Белой прозрачной ночью лодья, что уже приближалась однажды к устью, вновь появилась невдалеке от шанцев. Егорша опять взбежал на вышку, выхватил из рук караульщика трубу, посмотрел, сказал сердито:
— Ну что ты станешь делать? Те же самые, что давеча были. И куда их носило?
Еще поглядел, покачал головою:
— Не наши! Кафтаны кургузые, либо норвеги, либо еще какие немцы…
Капрал изготовил пищаль с двойным зарядом пороху, выпалил, качнулся, долго стоял, помаргивая, словно очумелый.
— Карбас — на воду! — отрывисто приказал Пустовойтов.
Таможенники спустили карбас, вышли наперерез лодье, которая ловко и уверенно входила в устье, ведомая рукою опытного кормщика.
— Хорошо идет! — сказал Егорша, залюбовавшись. — Красиво! И парусов не сбросили нисколько… А ну, стрельни еще — может, не слышали?

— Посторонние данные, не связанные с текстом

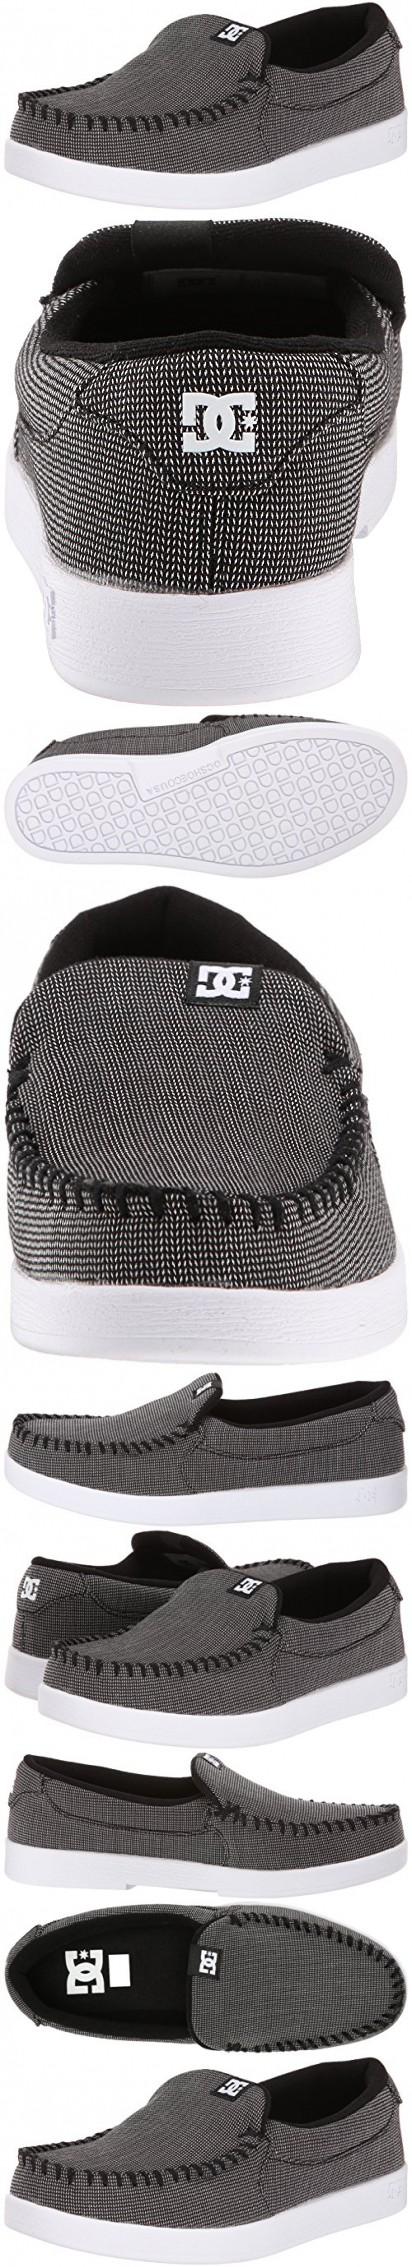 DC Men's Villain TX Skate Shoe, Black/Black/White, 7 M US
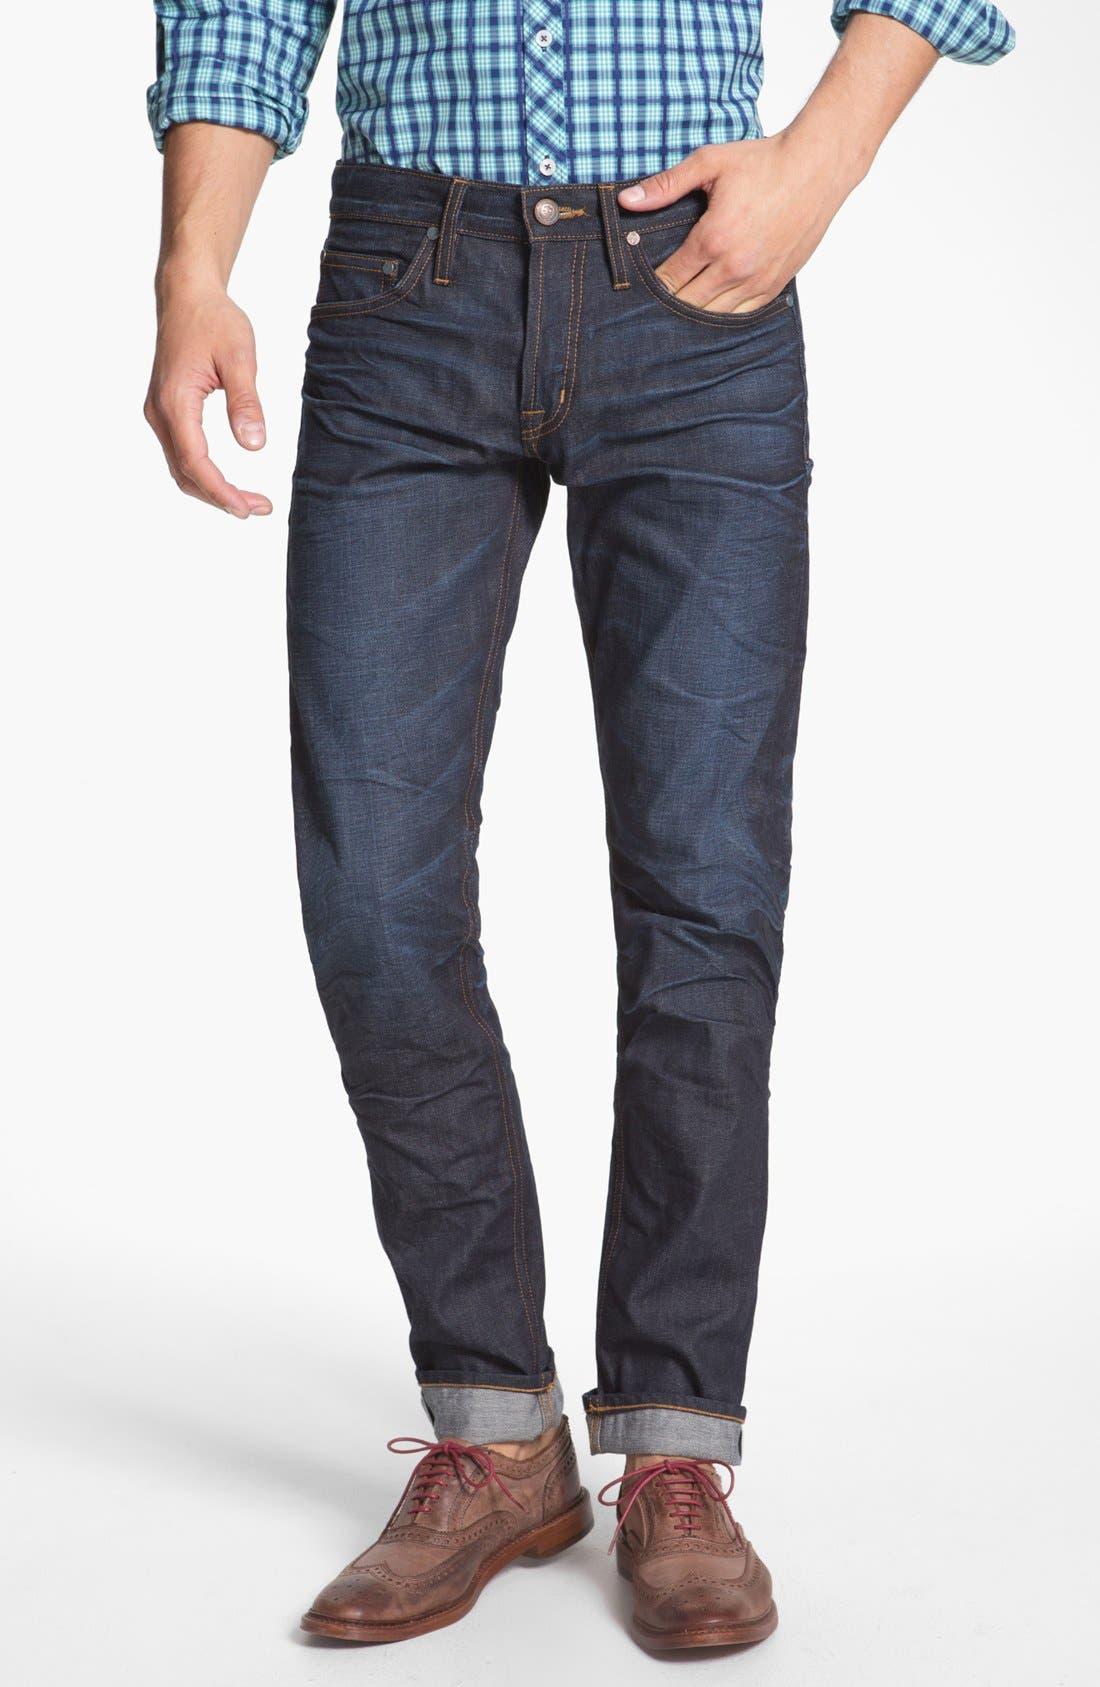 ASBURY PARK,                             '1888 Skinny Fit' Raw Selvedge Jeans,                             Main thumbnail 1, color,                             401

Капрал с опаскою пальнул еще раз. С вышки было видно, как мореходы на лодье спускают паруса — теперь поняли, что велено остановиться. Таможенный карбас зашел лодье с кормы, несколько солдат забрались на судно, которое теперь сидело на воде высоко, словно лодье стало легче. Потом с носа мореходы сбросили канат, карбас под веслами повел лодью к таможенному причалу. Драгуны не выходили, спали, Мехоношин гулял в деревеньке — там завелся у него амур. «Без них спокойнее! — подумал Егорша. — А то сразу — волоки на съезжую».
Пустовойтов, насвистывая, спустился вниз, обдернул мундир, поправил на боку палаш и начальническим шагом пошел встречать лихих людей, что вторые сутки крейсируют вблизи берегов и с наглостью собрались проскочить мимо шанцев, будто и не ведают государева указа.

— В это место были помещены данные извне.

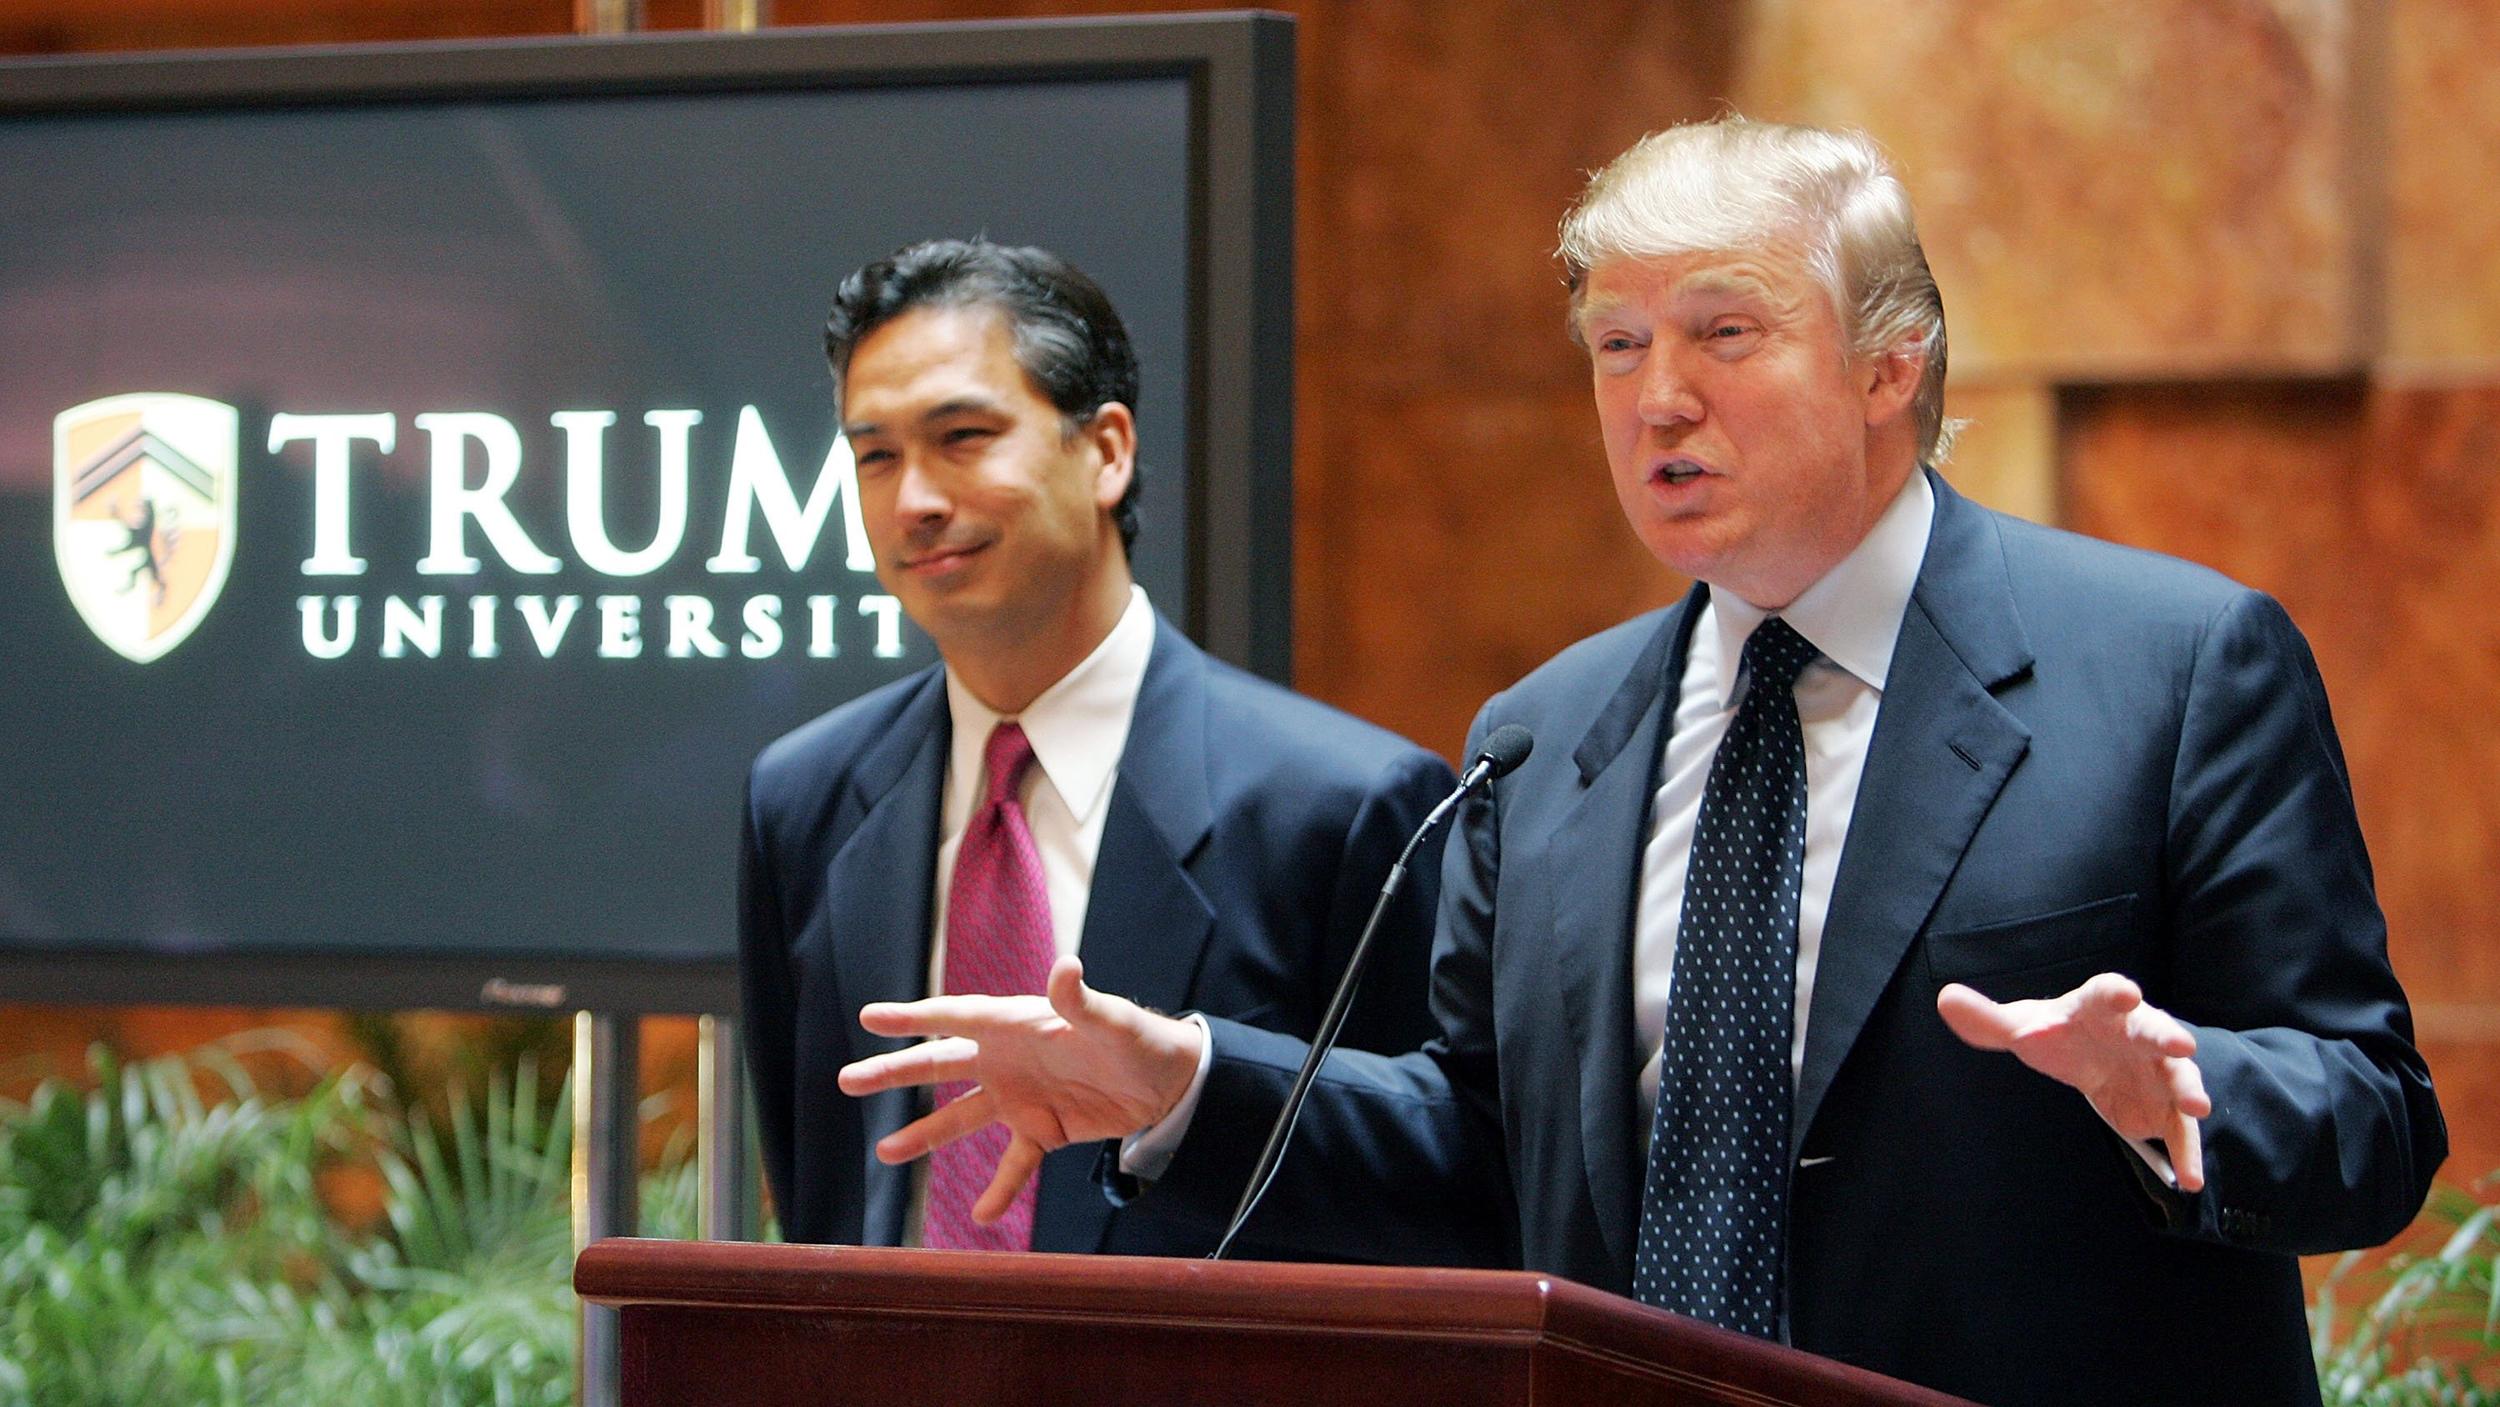 Trump University Settlement

— Что за народишко? — спросил он у таможенного писаря, первым соскочившего с карбаса на землю и поспешающего за бумагой и перьями — писать опросной лист.

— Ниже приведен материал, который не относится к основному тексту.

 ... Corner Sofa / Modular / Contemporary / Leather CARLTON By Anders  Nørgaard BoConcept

— А рыбари здешние, морские старатели, зверовые добытчики, — скороговоркой ответил писарь. — На Груманте, что ли, зимовали. Говорят, будто их в городе в Архангельском каждая собака знает, да, небось, брешут. Один немощный лежит, помирать собрался…
— Вот дадут им на съезжей Грумант! — сказал Егорша всердцах. — Грумант! Не велено, а они, вишь…
И замер с открытым ртом, не договорив. На лодье во весь рост стоял чернобородый, худой Тимофей Кислов, два года назад пропавший в море. Стоял и как ни в чем не бывало переругивался сиплым голосом с таможенными солдатами, которые уговаривали его сойти на берег, чтобы ответить писарю на казенные вопросы.
— Да на кой мне шут вопросы твои! — говорил Кислов. — Я, может, бани русской длинные года не видел, я, может, одним снегом в кои веки умывался, а он — вопросы! Какие такие шанцы могут быть для своего человека? Что я, немец, что ли, чтобы мне таможенную роспись писать…
— Тимофей Никитич! — крикнул Егорша. — Ужели живым возвернулся?!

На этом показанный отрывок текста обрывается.